Exercise – To complete this task, print all the data below exactly but leave out the images.

The data –
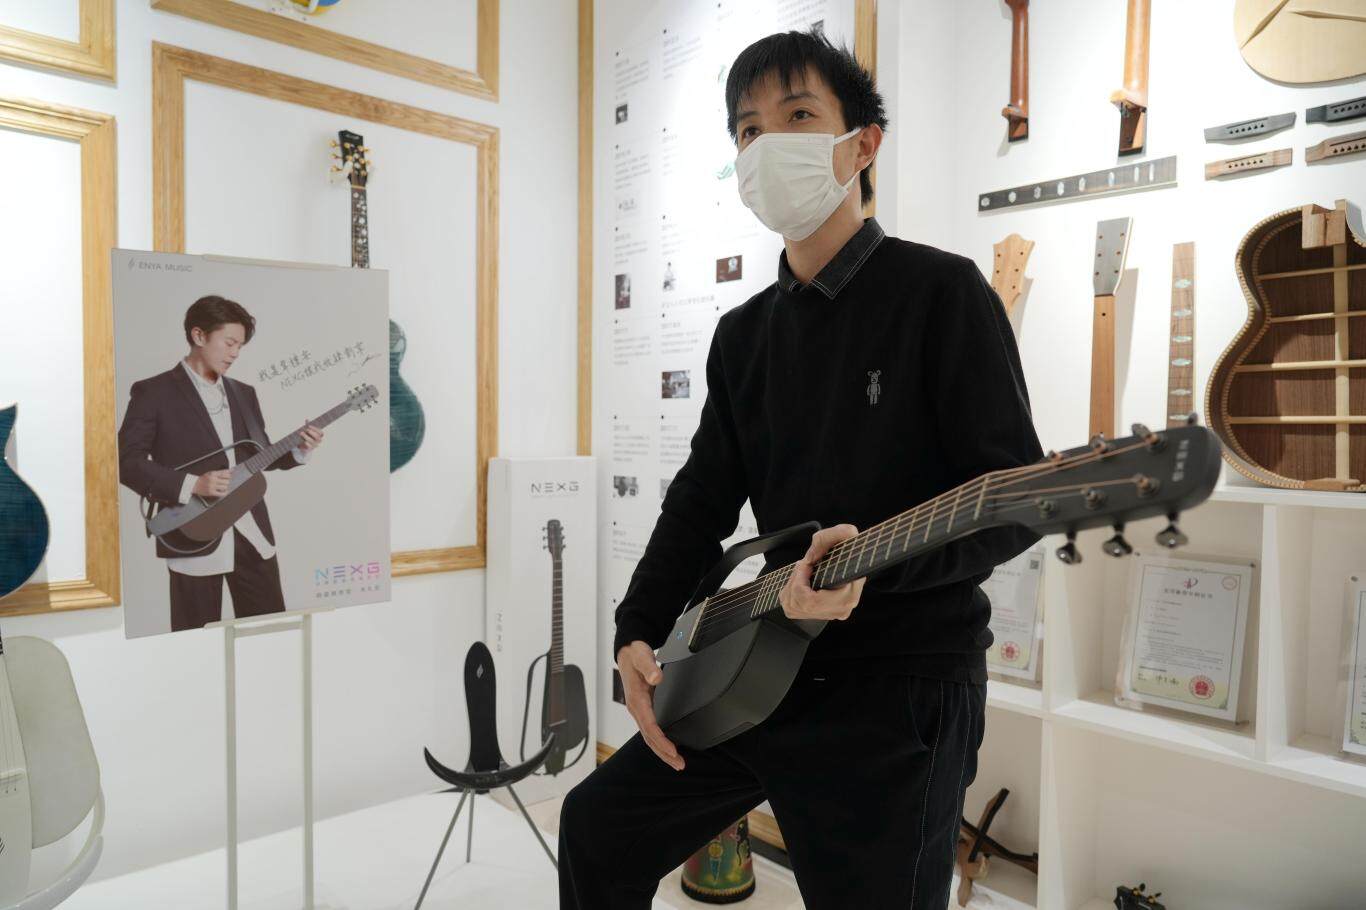 恩雅乐器推出的全球首把超便携碳纤维智能吉他NEXG。
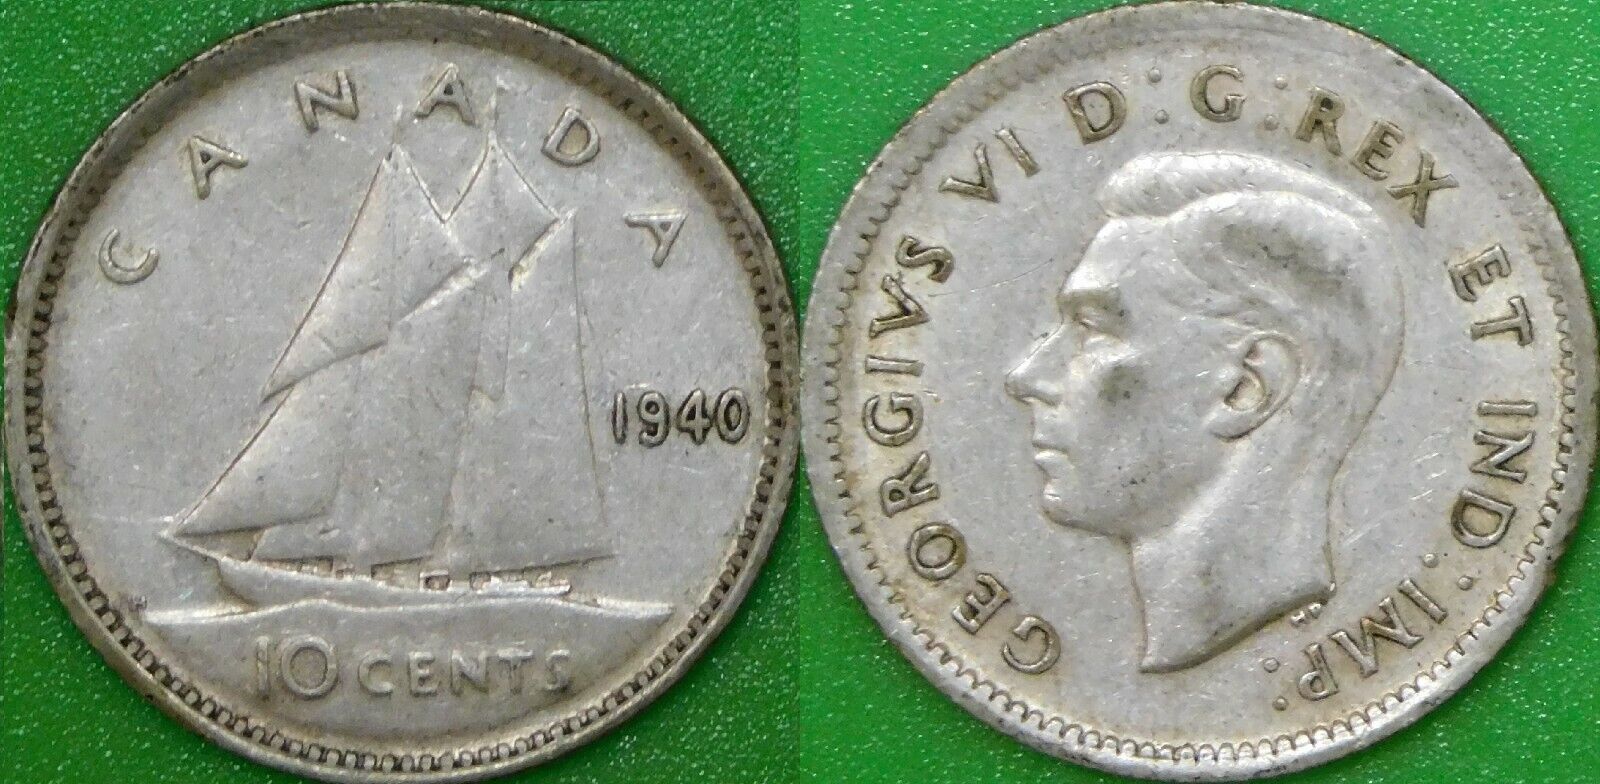 1940 Canada Silver Dime Graded As Fine
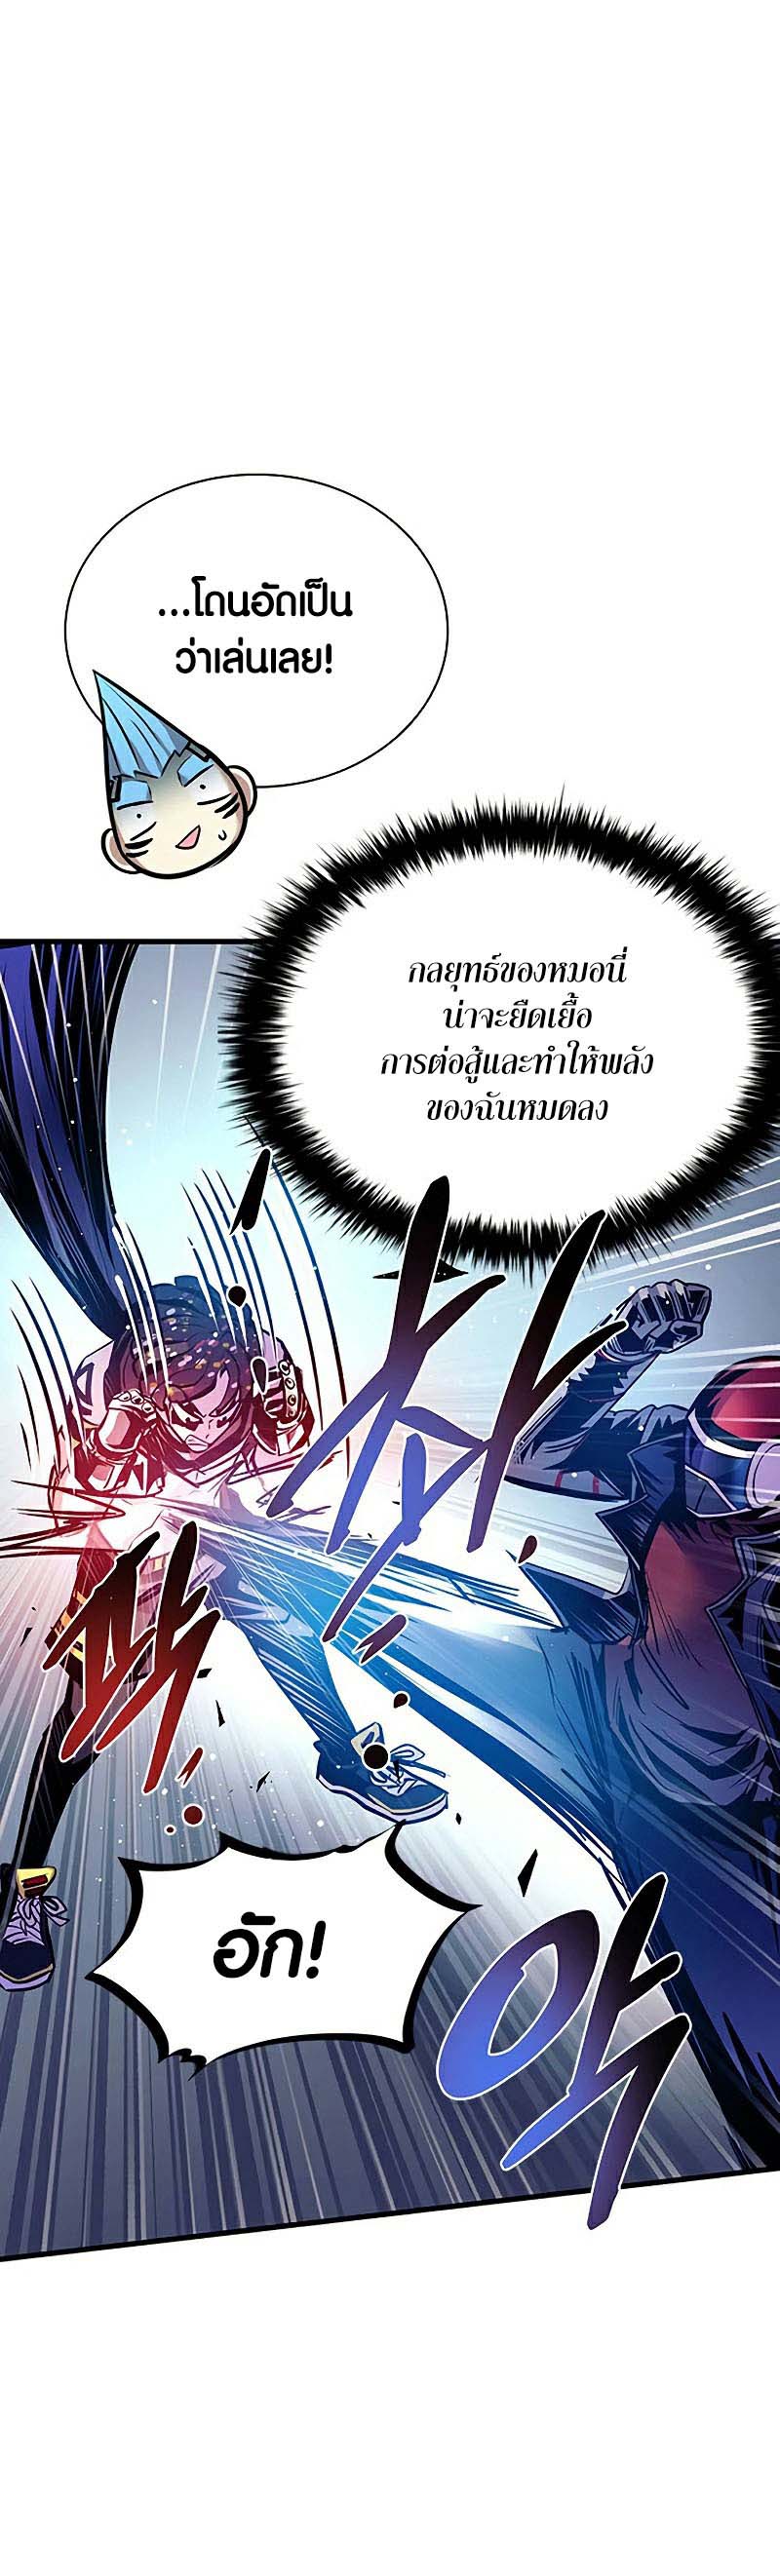 อ่าน เรื่อง Villain To Kill 127 spy manga 26

Written answer –
 恩雅乐器推出的全球首把超便携碳纤维智能吉他NEXG。
 1940 Canada Silver Dime Graded As Fine
 อ่าน เรื่อง Villain To Kill 127 spy manga 26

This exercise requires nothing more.